▶ ASSIGNMENT: Line by line, retype the material exactly and leave each picture out.

▶ INFORMATION SUPPLIED:
-=-=-=-=-
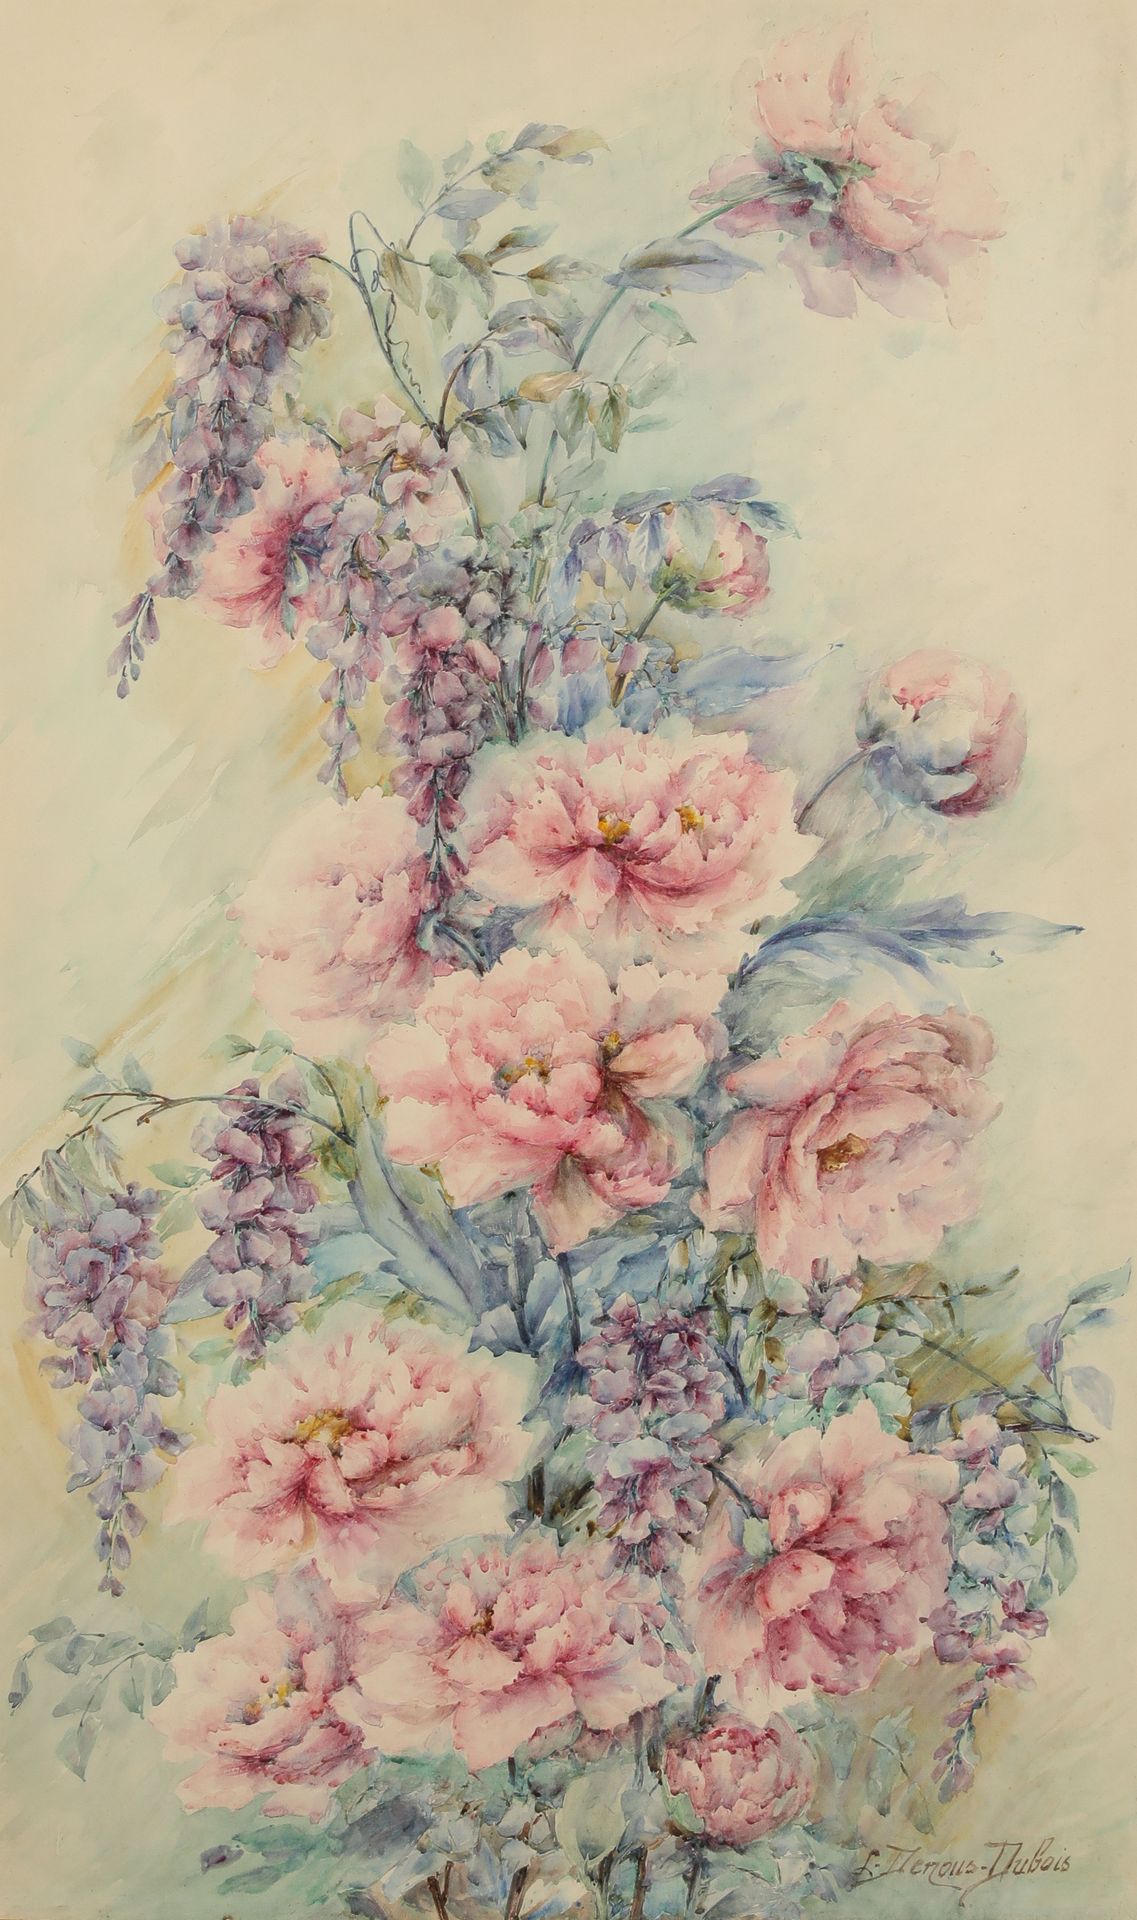 Null Louise DENOUS DUBOIS (20世纪)
甘蔗和牡丹
纸上水彩画，右下角签名
100 x 60 cm at sight
-=-=-=-=-
▶ RESULT:
 Null Louise DENOUS DUBOIS (20世纪)
甘蔗和牡丹
纸上水彩画，右下角签名
100 x 60 cm at sight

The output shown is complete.